Megan West (Olsen) , Managing Director, Policy

Megan West advises clients on policy and market-based strategies related to drug pricing, cell and gene therapy (CGT) development, value-based contracting, and innovative approaches to patient access.

This interview was originally published as a podcast. The audio is no longer available, but you can read the transcript below. For updates on our newly released content, visit our Insight Subscription page.

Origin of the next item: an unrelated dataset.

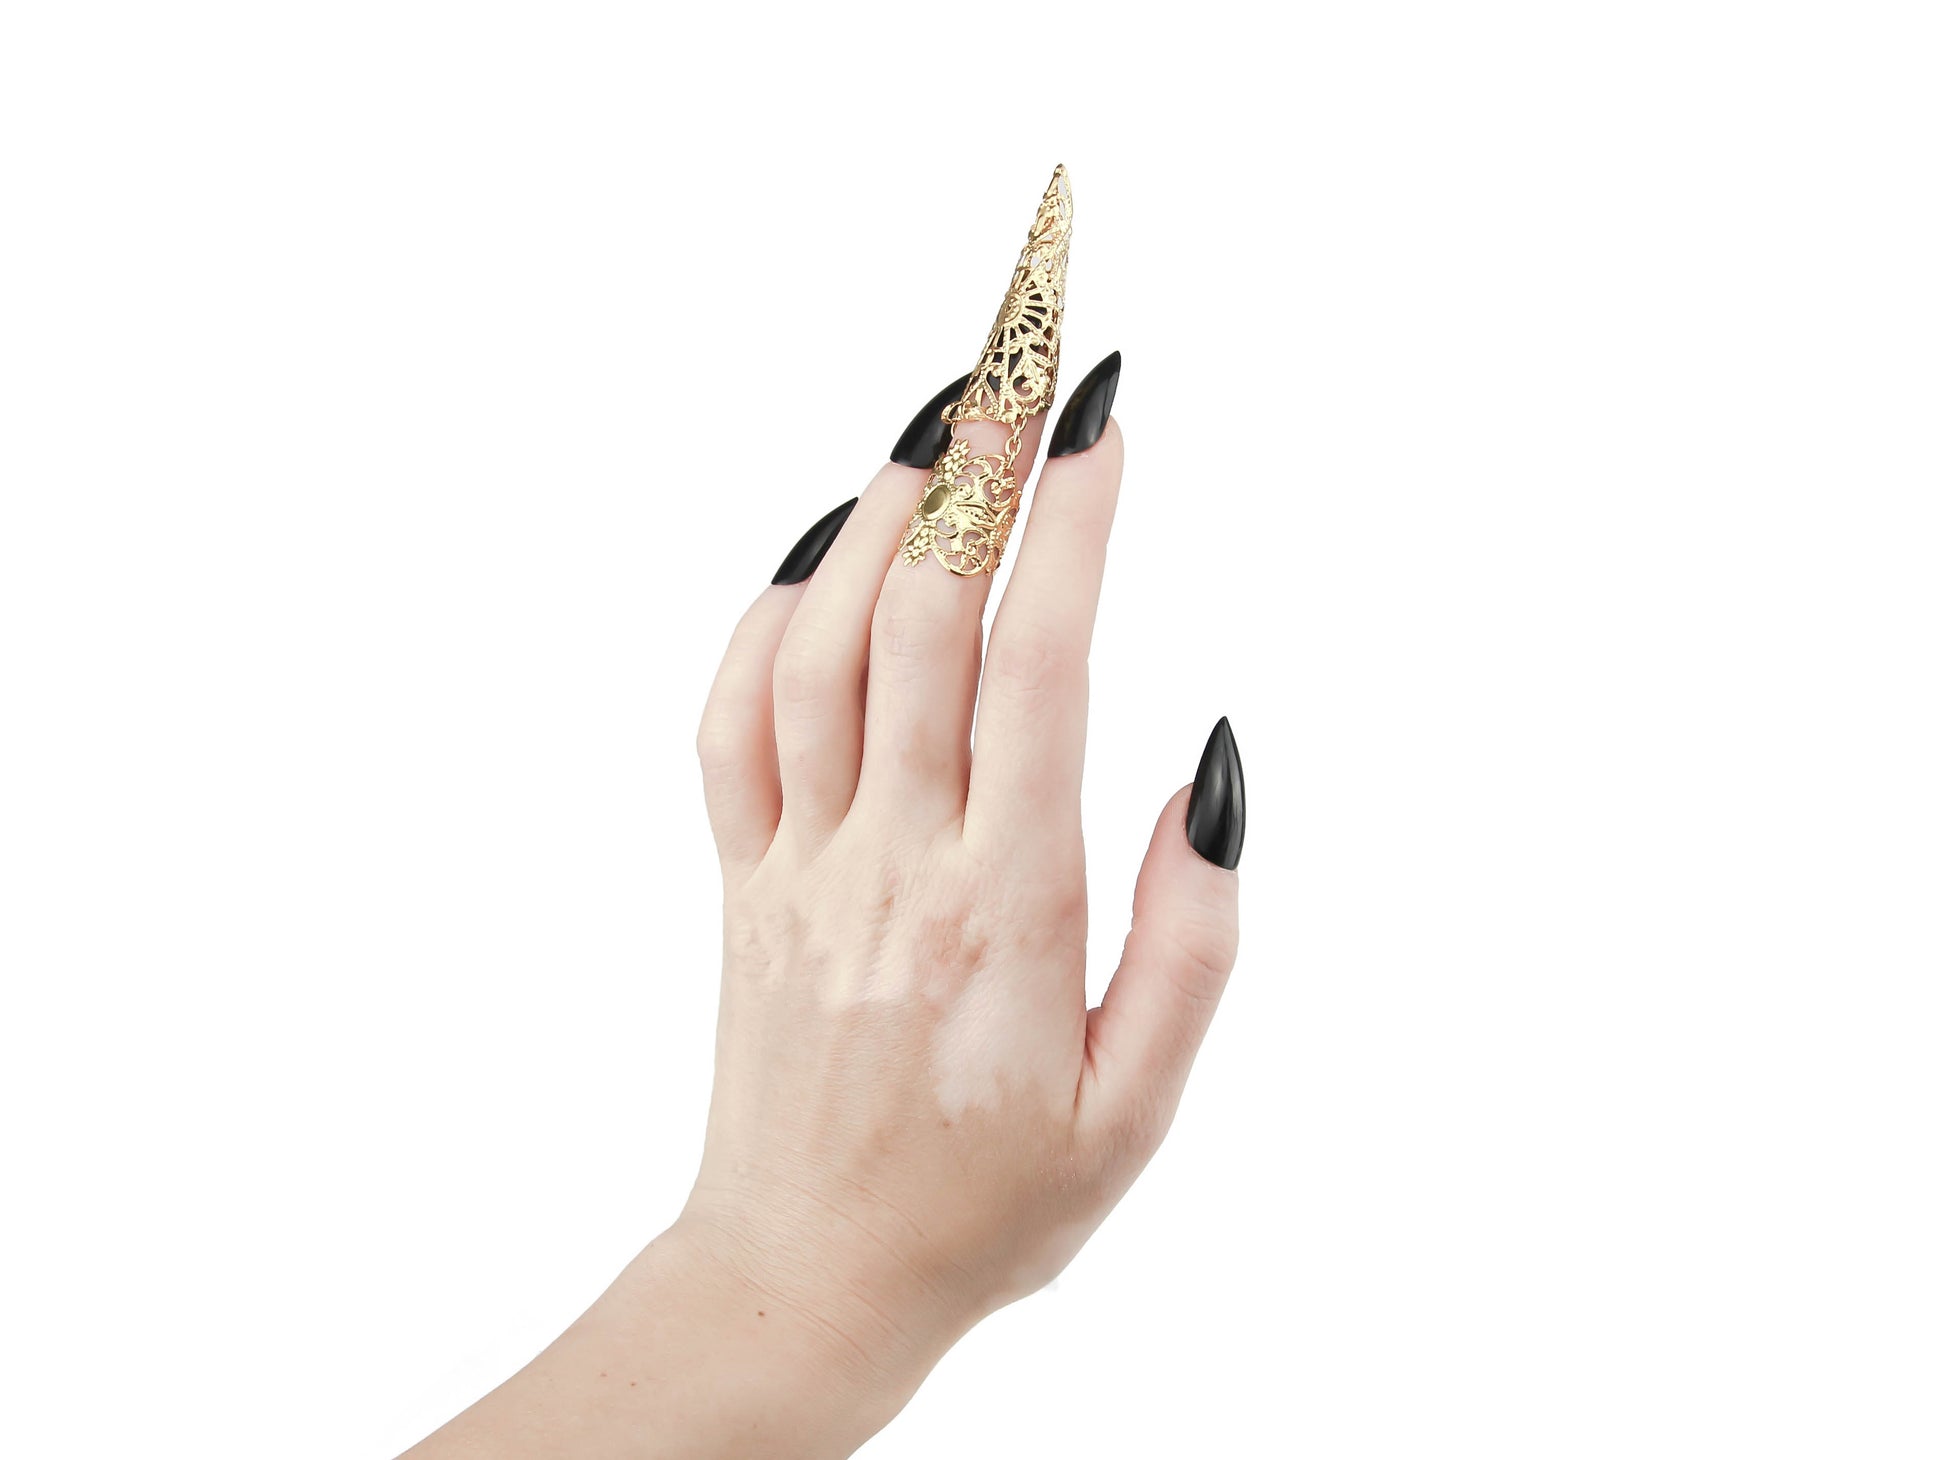 This image captures a hand adorned with a Myril Jewels gold claw ring on the middle finger, its design reminiscent of Neo Gothic artistry. The midi ring, characteristic of dark-avantgarde jewelry, extends into a pointed tip that mirrors the wearer's sleek black nails, creating a seamless gothic-chic look. This statement piece is perfect for those embracing a minimal goth style or seeking an edgy accessory for Halloween, witchcore, or whimsigoth fashion statements.

If you would like to watch the video version, please visit our video page.


Michael: Hello and welcome to another episode of the Avalere Health Essential Voice Disease Education series in our second of several cell and gene therapy-focused podcasts. In this series, we will be covering topics on a wide range of therapeutic focus areas.

My name is Michael Kearney, and I’m a consultant in the Market Access practice here at Avalere Health. I’m joined by Jay Jackson, a Principal in our Market Access practice, and Megan Olsen, a Principal in our Policy practice.

In our last discussion, we explored challenges associated with cell and gene therapies related to coverage, reimbursement, and patient access. Today, we will explore value-based arrangements (VBAs) and the role that they play in facilitating access to these products.

Paying for value is certainly a theme throughout healthcare, and increasingly so in the context of high-cost drugs. Jay, let’s start with you. How would you characterize interest in or opportunity for value-based payment arrangements for cell and gene therapies? What’s driving it?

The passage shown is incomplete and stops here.